You can find a full set of the videos from this fantastic event at rohanalexander.com/reproducibility.html. Thank you Rohan for organizing and inviting me!

I should also say a few words about the title of the talk and the cover slide. As I was brainstorming ideas with Colin, he told me about the essay by Neal Stephenson called In the Beginning… Was the Command Line. I had not read it at the time, but I have now! The title is a loose take on this, even though the content of the talk is not at all based on it. I also really liked the cover of the book and decided to style my talk title slides based on it.

Given that this is a talk on reproducibility, I didn’t have the heart to not generate this image reproducibly, so I forked Sharla Gelfand’s ggkeyboard package and altered it a bit to get what I need. You can find my version (that is only useful for generating this image) here.

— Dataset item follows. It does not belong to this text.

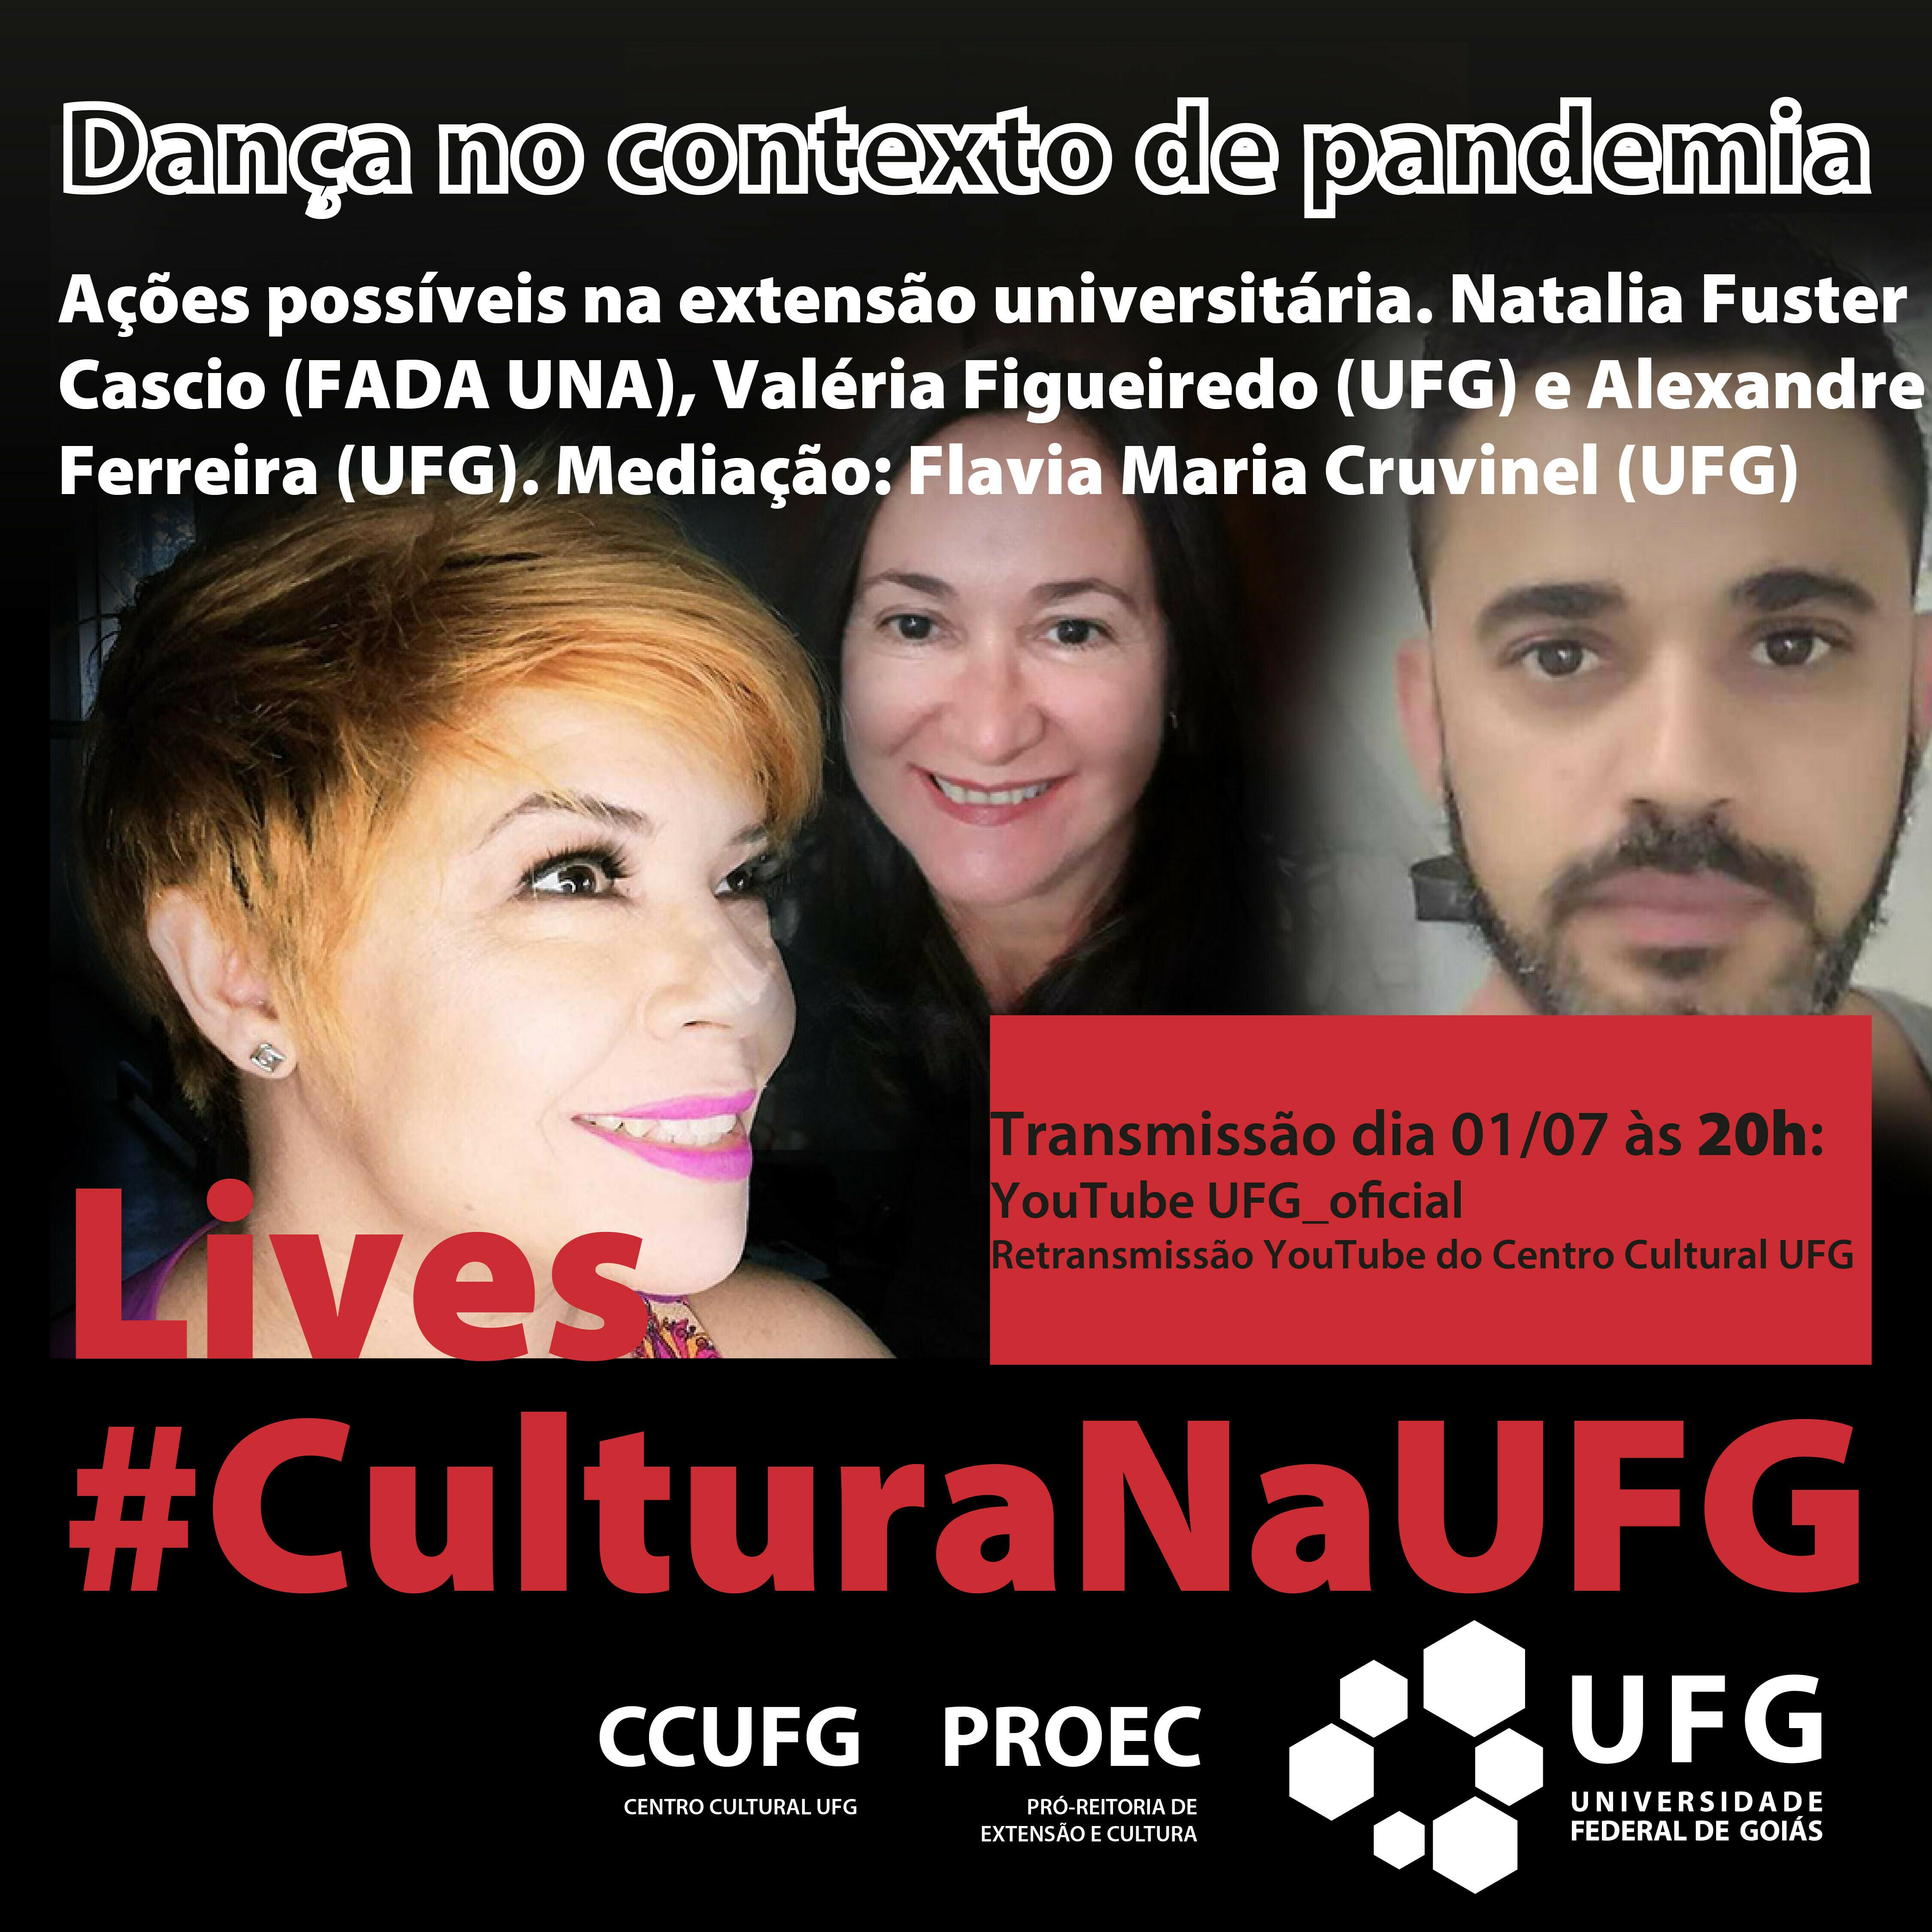 Lives__culturanaufg__Dança_no_contexto_de_pandemia__1080x1080px

# devtools::install_github("mine-cetinkaya-rundel/ggkeyboard")
library(ggkeyboard)

ggkeyboard(
  in_the_beginning_full, 
  palette = keyboard_palette("in_the_beginning"), 
  adjust_text_colour = FALSE
)

Keyboard that spells out 'In the beginning was R Markdown' in the keys.

Once I got the keyboard layout working I searched around for color inspiration on same.energy where I stumbled upon this gorgeous design and used the Digital Color Meter app on my Mac to create a palette for the cover image and the talk.

If you’d like to do something similar yourself, all it takes is to edit the CSV files in the data-raw folder for your desired output. You can then update the package data with usethis::use_data() and use the new keyboard style you created in one of the functions provided by the package. If you want to give this a try I recommend starting from Sharla’s package and using my fork in case you’re curious how I went about it.

Finally, in case you only read this and don’t get a chance to watch the video or look through the slides, the talk ends with

In the beginning was R Markdown and R Markdown continues to facilitate reproducibility, no matter your scope and experience.